Decisions That Are Based on a Qualified Majority and Decisions That Require Consent
As a rule, a proposal that is supported by more than half of the votes cast shall constitute the decision of the general meeting. Pursuant to the Limited Liability Companies Act, certain decisions – such as decisions to amend the articles of association and decisions on directed share issues – nevertheless require a qualified majority of two-thirds of the votes cast and represented at the meeting. Moreover, the Limited Liability Companies Act provides that specific shareholders or all shareholders must consent to a decision limiting the rights arising from shares or increasing the obligations of shareholders.
Rights of Shareholders Owning No Less Than 10% of the Company’s Shares
Shareholders who hold no less than 10% of the company’s shares may, subject to certain conditions,
- demand that an extraordinary general meeting be called to address a specific issue;
- demand that a minority dividend be distributed;
- demand that decisions concerning the adoption of the company’s financial statements, the distribution of assets and the discharge from liability of the directors and managing director be deferred to a continuation meeting;
- bring an action against the company’s directors, the managing director, or another shareholder for the payment of damages to the company; and
- propose that a special audit be carried out (in addition to the support of a sufficient number of votes at the general meeting, this also requires that the Regional State Administrative Agency approves the application for the special audit).

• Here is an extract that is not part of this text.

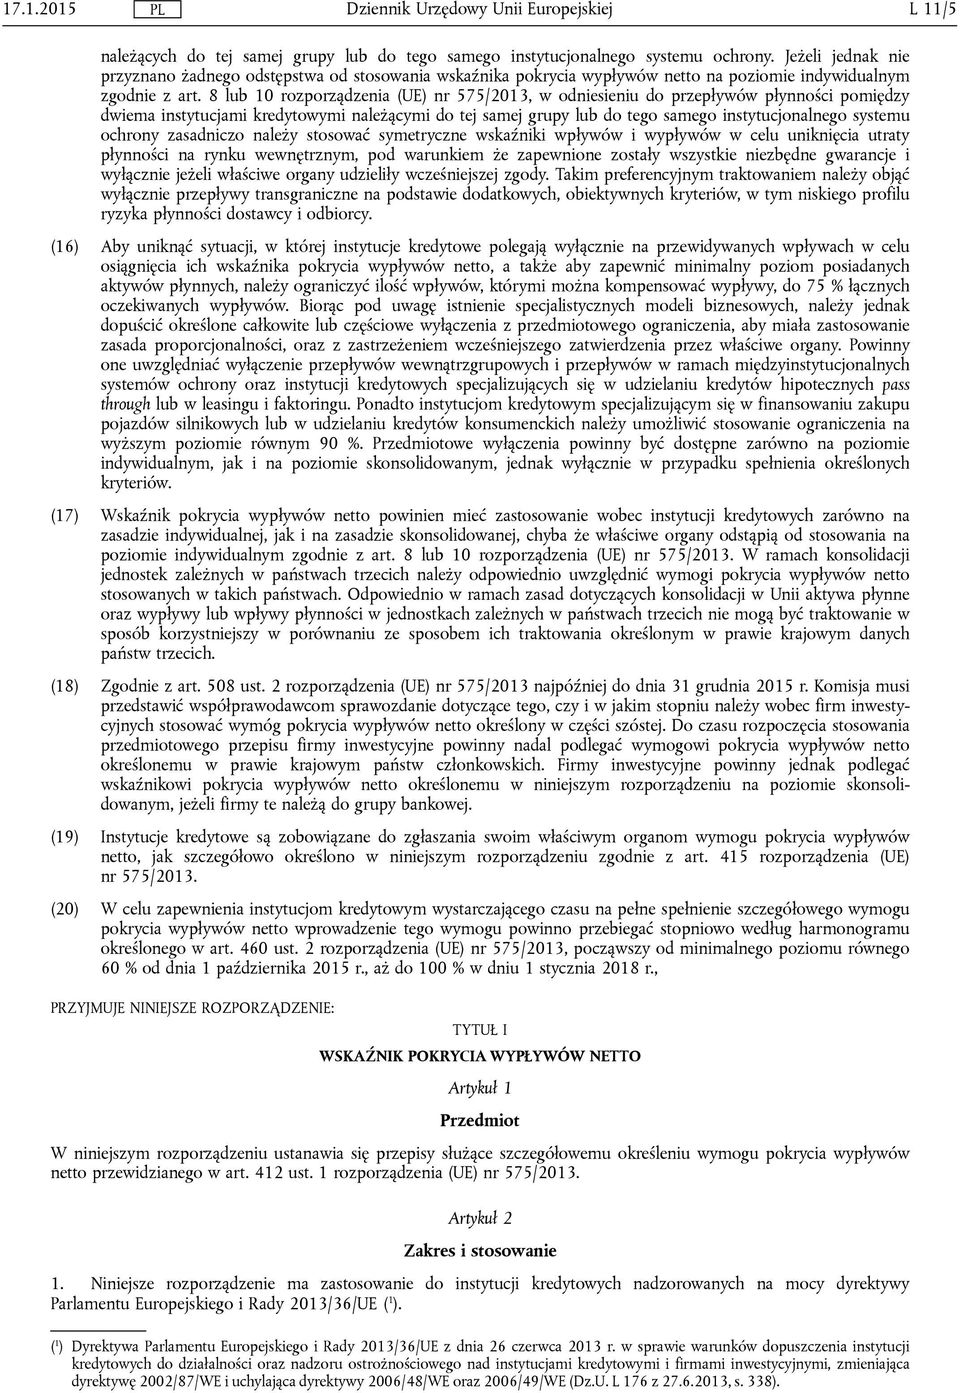 8 lub 10 rozporządzenia (UE) nr 575/2013, w odniesieniu do przepływów płynności pomiędzy dwiema instytucjami kredytowymi należącymi do tej samej grupy lub do tego samego instytucjonalnego systemu

Right to Request Information and Submit Draft Resolutions
Every shareholder has the right to request information about any of the items on the agenda of a general meeting. At the annual general meeting, the right to request information covers the company’s financial situation on a more general level. Shareholders also have the right to submit proposals for decisions that fall within the competence of the general meeting and that are on the agenda of that meeting.
Shareholders have the right to have a matter falling within the competence of the general meeting dealt with by the general meeting, provided that the shareholder so demands in writing from the board of directors well in advance, so that the matter can be included in the meeting notice.